Точка отсчёта | страница 6
«Если родилась красивой, значит, будешь век счастливой»,— с грустной иронией написал поэт в одном из ранних своих стихотворений. Сам он родился счастливчиком, как судила молва, которая, как известно, всегда схватывает общее впечатление, нимало не заботясь о деталях. Ему, если верить этой госпоже, все давалось и удавалось легко, в том числе и творить добро. А то, что дается легко, таким же образом и ценится. Не раз и не два, думается, встречался Симонов в своей жизни с тенденцией окружающих, в том числе и достаточно близких ему людей, каким-то лукавством, быть может, даже позой объяснить бросающееся в глаза благородство тех или иных его поступков.
Поза? Как легко и привычно бывает для нас употребить лишний раз это слово, по сути — обвинение. Самоотверженность — поза. Доброе дело — поза. Негодование — поза тоже. Все, что выходит за ряд скучного, повседневного, заунывного,— поза. Все так, и тем не менее поспорить с ярлыком не под силу слову. С ним может спорить только поступок. Их в жизни Константина Симонова было немало. Последним «поступком» были последние годы, последние дни его жизни. О них и будет теперь мой рассказ.
Что мне, человеку, не так уж много лет знакомому лично с Константином Михайловичем, дает на это право? Быть может, поздние, но бурно развивающиеся отношения? Да нет, не было и этого. Не было ничего или почти ничего, что можно отнести к привычным аксессуарам дружбы: мы редко виделись, хотя всякий раз, кажется, с удовольствием. Не знались или почти не знались домами, ничего кинотеатрального или литературного сообща не сотворили и только один раз были вместе в служебной командировке. И все же, все же вопреки этим многочисленным «не» или помимо них, над ними что-то вырастало такое, что побуждало его говорить о сокровенном, как бы отрывая от нутра по фразе, по признанию... Обстоятельства, сводившие нас, тоже способствовали этому. Я слушал его и не подозревал, что так скоро настанет час переплавить услышанное тогда, в часы этих бесед, в воспоминания...
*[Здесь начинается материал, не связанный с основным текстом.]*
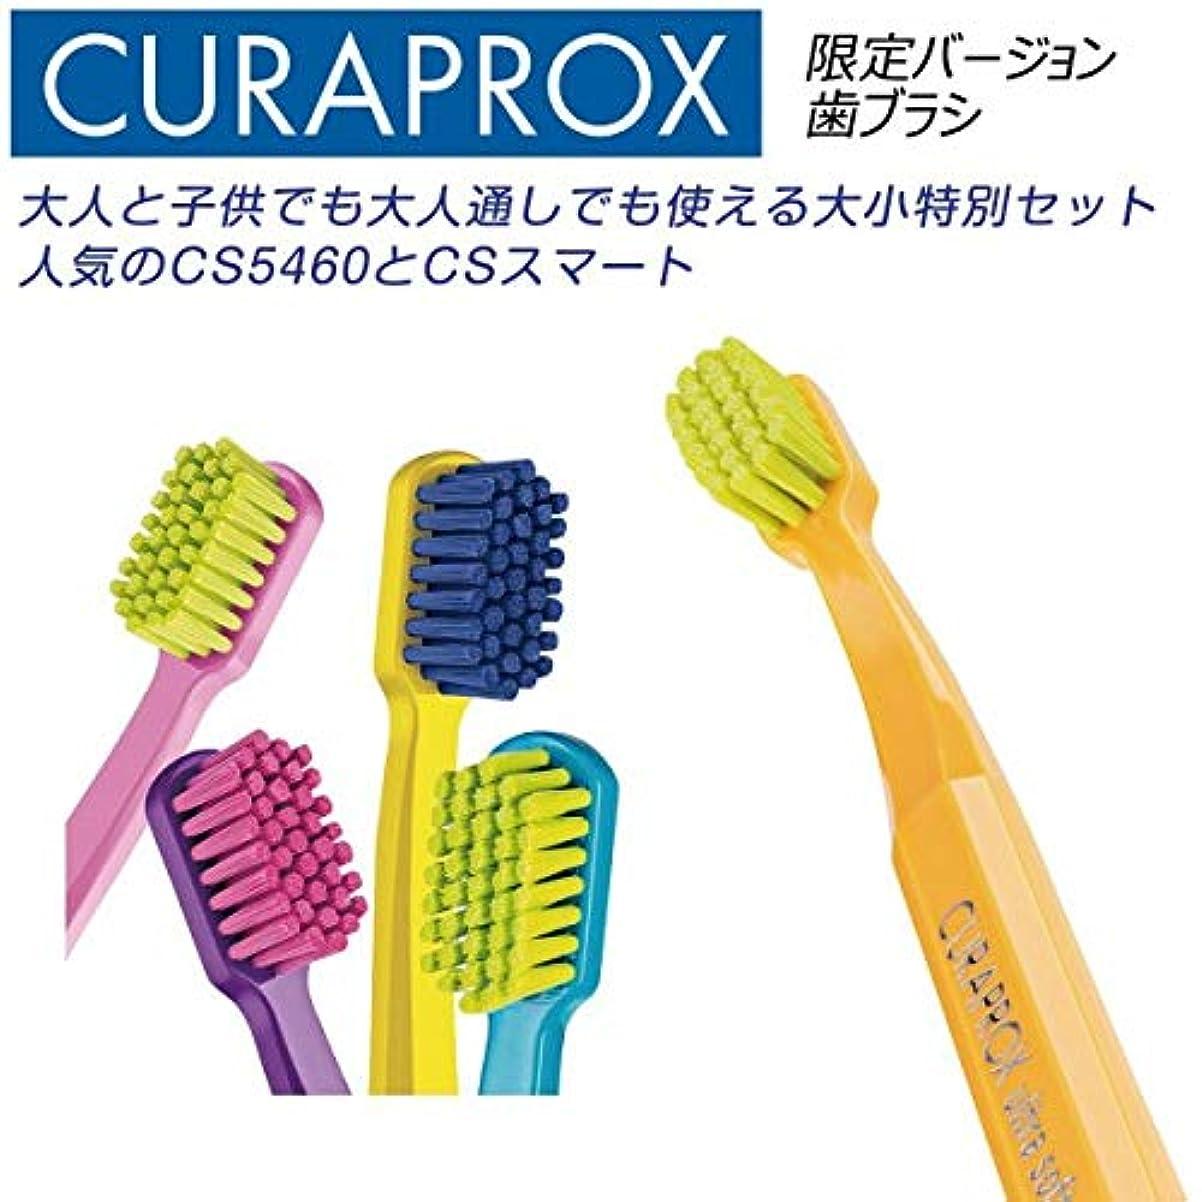 メルボルンエキスパート女性クラプロックス 歯ブラシ CS5460 ファミリーエディション黄緑+ピンク

Подобно своим героям, которые не любили и бешено сопротивлялись тому, чтобы их действиям, для них вполне естественным, приписывались какие-то особо благородные мотивы, Симонов не любил «высокого штиля» в общении. Коробили его и фамильярность, и панибратство. Идеалом был «мужской язык» (из его письма матери), когда не зло, но остроумно подшучивают друг над другом, растроганность скрывают под покровом напускной строгости, нежное слово заменяют похмыкиванием или набиванием трубки... Последнего удовольствия, увы, он был лишен к концу жизни.